**Requirement**
An exact copy of the listing below is the answer, with the pictures removed.

===== Given information

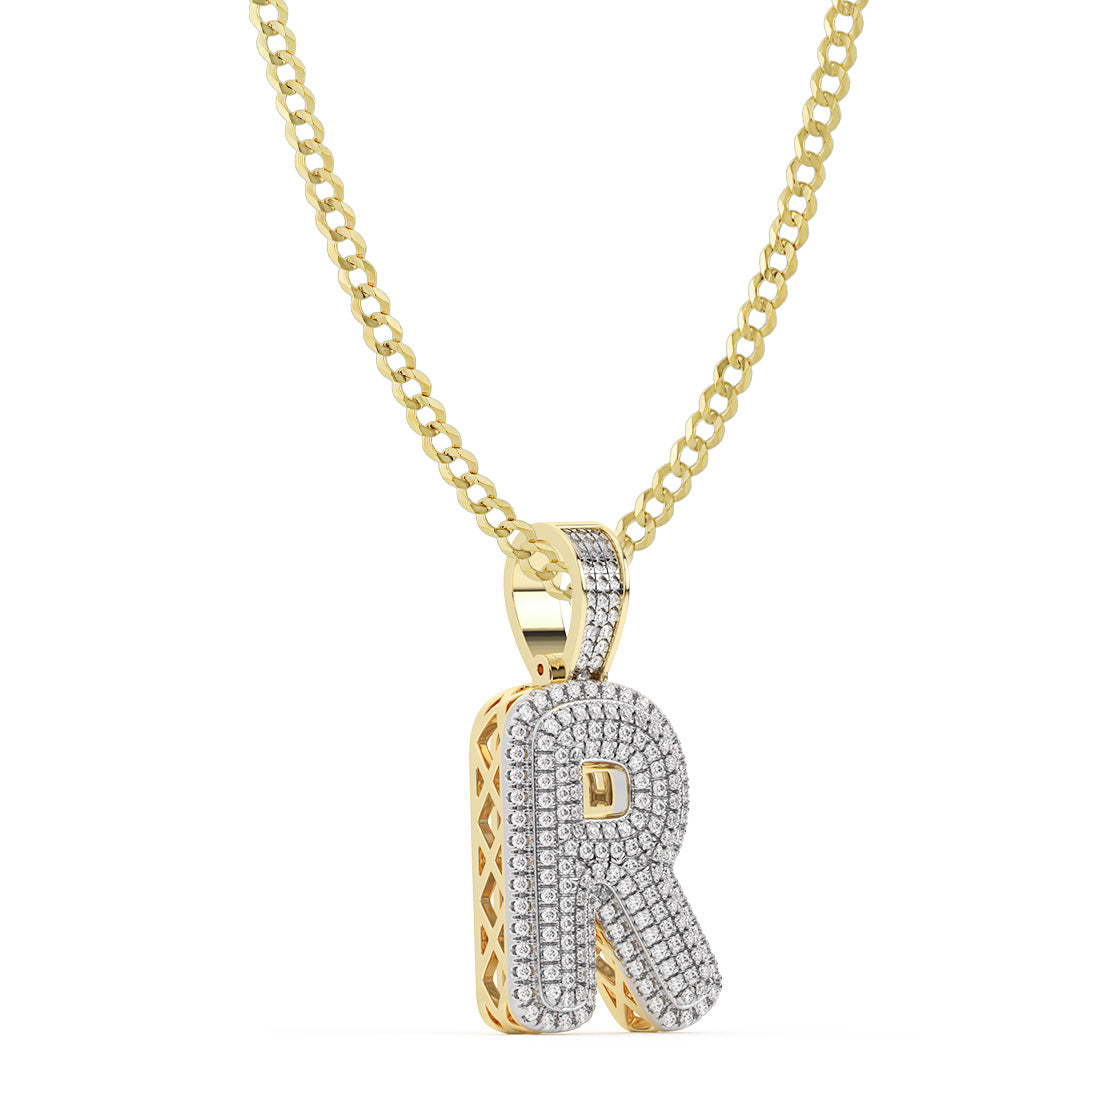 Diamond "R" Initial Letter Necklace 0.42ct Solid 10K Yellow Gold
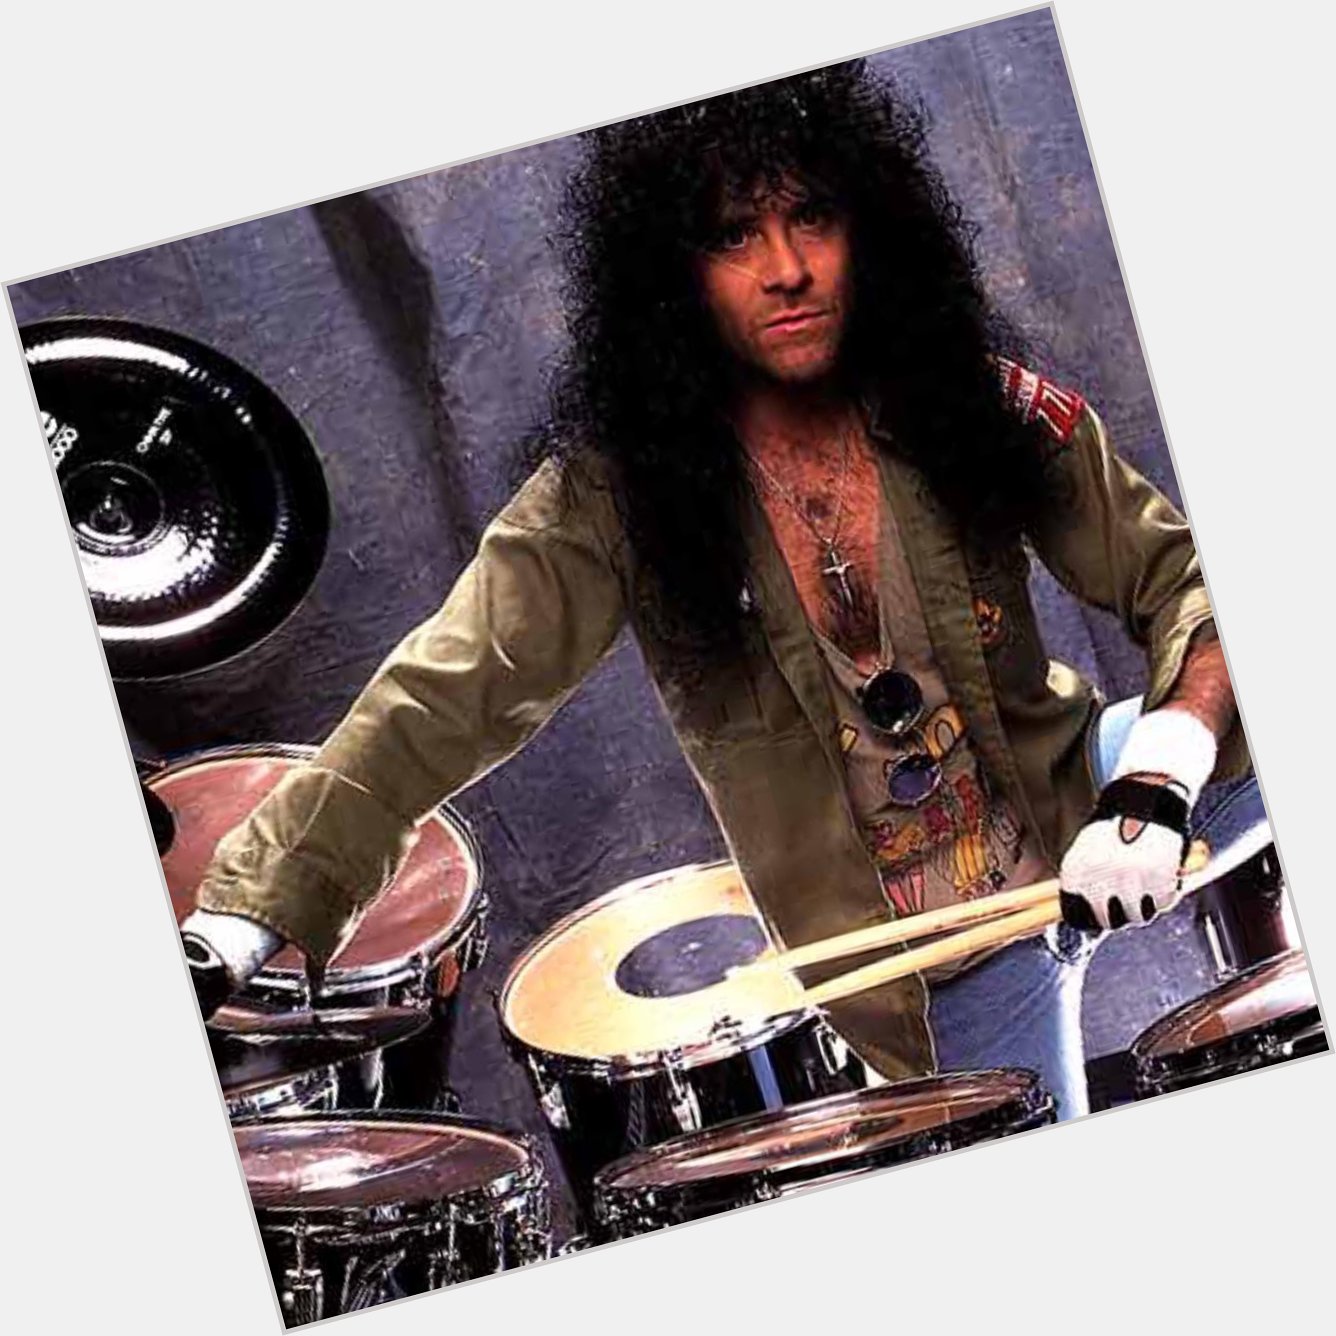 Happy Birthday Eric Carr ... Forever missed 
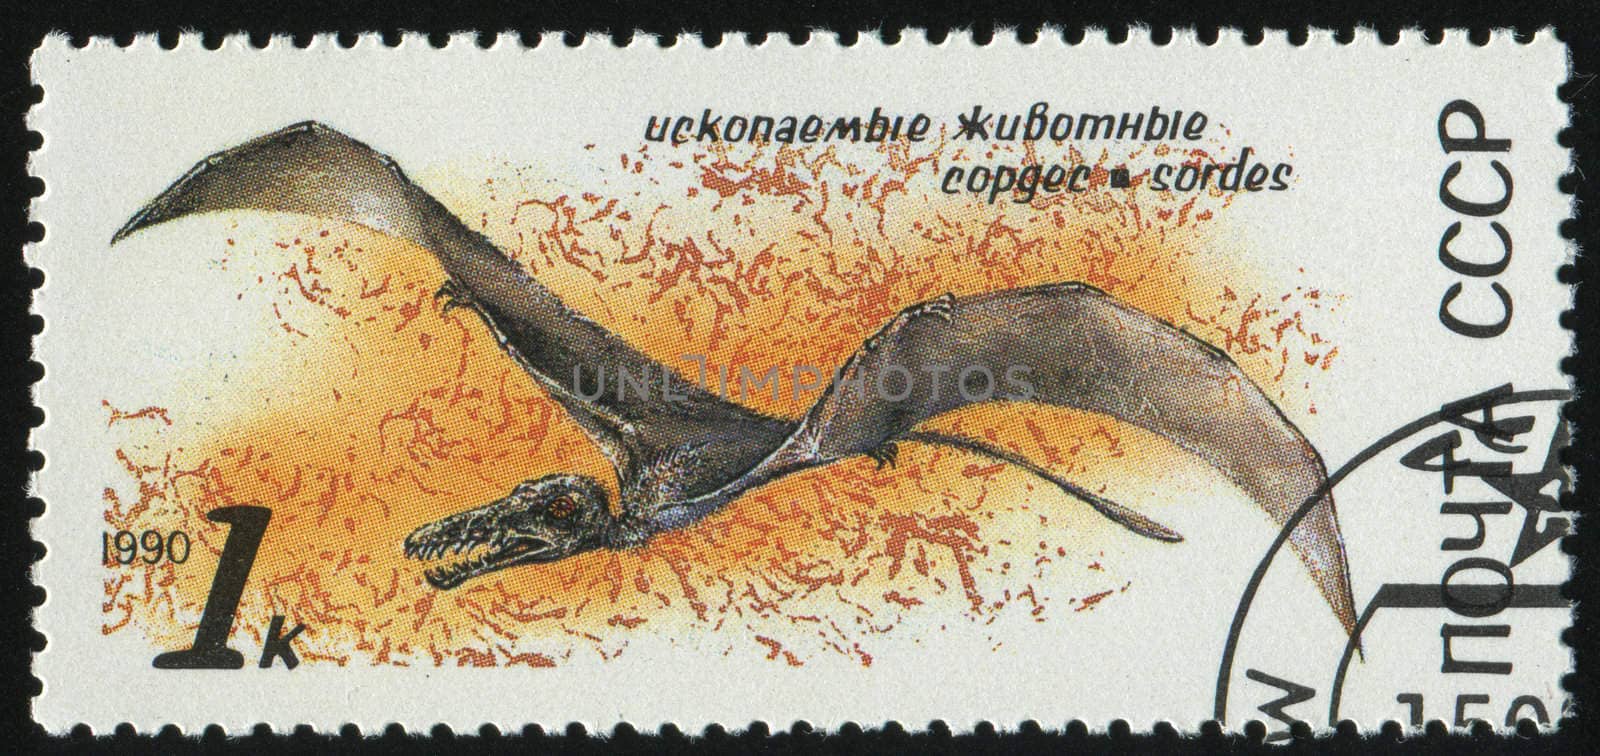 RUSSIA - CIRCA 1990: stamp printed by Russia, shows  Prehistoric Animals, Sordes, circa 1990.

==========

**Final answer**
 Diamond "R" Initial Letter Necklace 0.42ct Solid 10K Yellow Gold
 Happy Birthday Eric Carr ... Forever missed 
 RUSSIA - CIRCA 1990: stamp printed by Russia, shows  Prehistoric Animals, Sordes, circa 1990.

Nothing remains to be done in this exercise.